Christie also makes appearances as a playable character in the non-canon Tekken games Tekken Tag Tournament 2 and Tekken Revolution, as well as Street Fighter X Tekken via DLC released in July 2012, with her official tag partner, Lei Wulong.

In the 2009 film Tekken, Christie is portrayed by American actress Kelly Overton. This version of Christie is a mixed martial artist instead of a capoeira fighter, has no relationship with Eddy Gordo, and is a love interest of Jin Kazama.

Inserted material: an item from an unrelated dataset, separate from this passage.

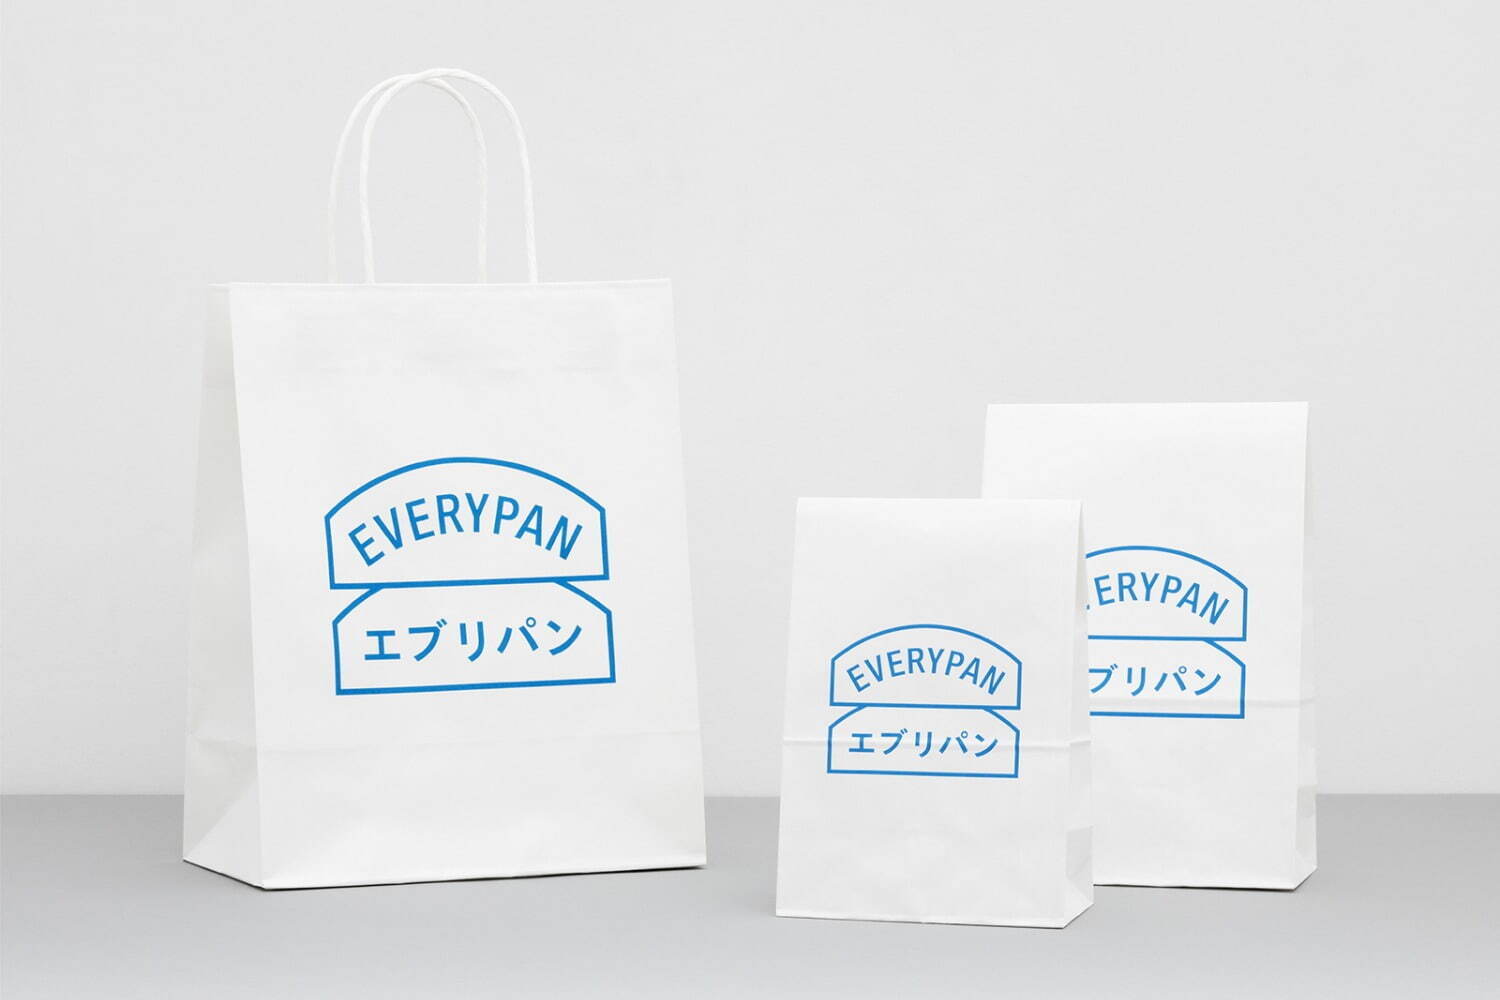 ベーカリーカフェのパッケージデザイン「エブリパン」
(菊地敦己 cl: ジンズ)

==Promotion and reception==
A model portrayed Christie in the "Tekken Maxim Photoshoot" gallery in Maxim. Kotobukiya released a 1/7 scale (9.8 inches tall) Christie action figure in January 2012 as part of their Tekken Tag Tournament 2 storyline; she is seen in a dance-like posture and her usual Tekken costume, except her pants are turned into chaps with her panties visible.

The character has received reception from gaming media as one of the "hottest" women in video games. Aubrey Sitterson of UGO Networks placed Christie fourteenth on his 2011 list of "Fighting Games' Finest Female Fighters": "In addition to being totally foxy, something about the idea of a lady Brazilian Capoeira expert just totally clicks for us." Kevin Wong of Complex commented in 2013: "With big eyes and an even bigger...um...smile, Christie has our immediate attention." Maxim said of the character in 2010, "Replacing the previous lone Capoeira-style character, Eddy Gordo, Christie has quickly made herself a popular Tekken fighter." Tom Loftus of NBCNews.com said in his 2005 review of Tekken 5, "Who can resist Christie Monteiro, a Brazilian capoeira expert with a fashion preference for tie-dye?"

However, Christie has been criticized for other factors such as her gameplay mechanics, characterization, and visual appearance in the 2009 Tekken feature film. USGamer's Samantha Leichtamer named her one of the "10 Lamest Video Game Characters of All Time", in that "button mashers and scrubs far and wide finally had a shot to enter the fighting game arena." GamesRadar said in 2002, "[Eddy] Gordo replacement Christie was promising, but below her purple-sequinned exterior she's the same old button-masher's delight with two new victory poses and a few different throws." Jeremy Dunham of IGN commented in his review of Tekken 5, "I'm particularly jazzed that Namco finally toned down newbie 'mash bastards' like Christie Monteiro". She was featured in a "Gaming's Most Inappropriate Outfits Ever" feature by NowGamer in 2010: "Cheapness aside, we can’t get our head around how Christie’s top manages to stay on as she spins and rolls about like Sonic the Hedgehog on speed." In 2012, the "insufferable" Christie was listed as one of the "most ridiculous" Tekken characters by Writtin King of Game Informer: "I don't know why Christie thought joining (and inevitably losing) a fighting tournament would save her sick grandpa." Brent McKnight of PopMatters described Christie in the 2009 Tekken film as the "forced love interest" of main character Jin Kazama.

In spite of many sources regarding her as one of the "hottest" women in gaming, some sources are also critical of her design and outfits. In the Portuguese study Além de monstros e capoeiristas: a representação brasileira nos jogos de luta, the authors examined Christie's "hypersexualized" nature, and because of this, criticized her primary outfit as "poorly designed," unfavorably comparing it to Eddy's costume. In Female Representation in Video Games, the writers were critical of her "hypersexualization," noting that "Christie does not wear clothes suitable for capoeira games, which have white T-shirts and white pants that are preferably wide for greater mobility."

American rapper Megan Thee Stallion cosplays as Christie in the music video for her song "Boa". As a result of this, an image of Christie was posted on Megan's Instagram page and Christie was also mentioned in an article of Time magazine which points out different references from the music video.
In a behind the scenes video for the music video "Knocc Em' Down", American rapper Snoop Dogg states that Christie and Lili are his favorite Tekken characters. The song alongside the Snoop Dogg stage was released as a collaboration with Bandai Namco for Tekken Tag Tournament 2.
Professional wrestler Zelina Vega cosplayed as Christie during one of her livestreams.
America's Next Top Model, cycle 1 winner Adrianne Curry cosplayed as Christie for San Diego Comic-Con in 2012.